Last month our webinar was about sterilization. I received several questions by email about different areas that were only touched briefly. I would like to follow up on those questions here.
We want to adopt event related sterility as a policy. What things should we include?
a. Event-related sterility assumes that the sterilized item remains sterile until the package/ container becomes compromised.

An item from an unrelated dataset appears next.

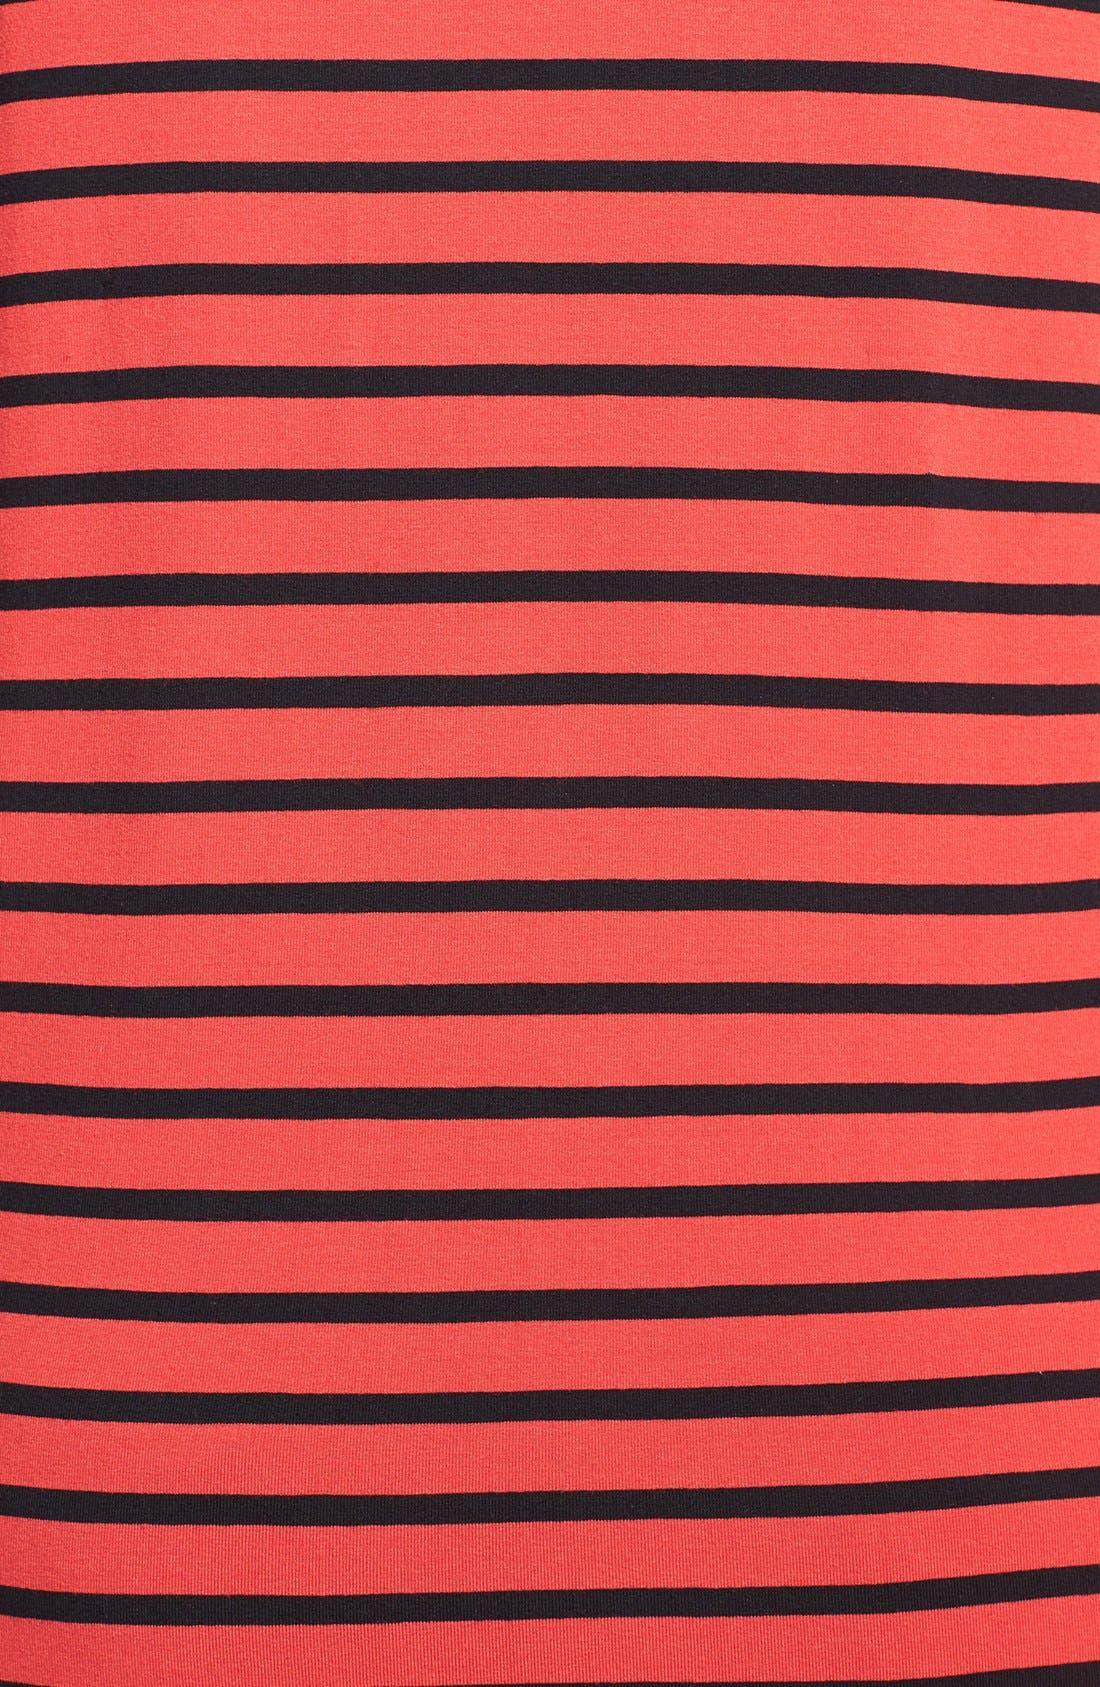 Alternate Image 3  - Vince Camuto 'Retro Stripes' Asymmetrical Tunic (Plus Size)

b. Types of events leading to container compromise:
i.
Microbe invasion (soil from environment, etc.)
ii.
Setting a sterilized item on a wet surface
iii.
Temperature/ humidities outside of standardized parameters
iv.
Improper air exchanges
v.
High traffic in storage locations
vi.
Frequent handling/ transport (dropping or compressing containment device revealing compromised packaging)
vii.
Breach in aseptic technique
c. Staff training regarding event related sterility.
i.
Transport should be in a covered or enclosed container with a solid bottom
ii.
Reusable transport containers are decontaminated between uses
iii.
Manufacturer established expiration dates should be adhered to unless an event occurs which compromises the packaging. Then the event sterility would go into effect
iv.
Stock rotation will still be necessary
What is the difference between gravity and prevac?
a. Gravity: most common and simplest. Steam is pumped into a chamber and displaces the air by gravity through a drain port. There is no mechanical assistance.
b. Prevac: Alternating steam injections and vacuum draws or pulses to remove the air.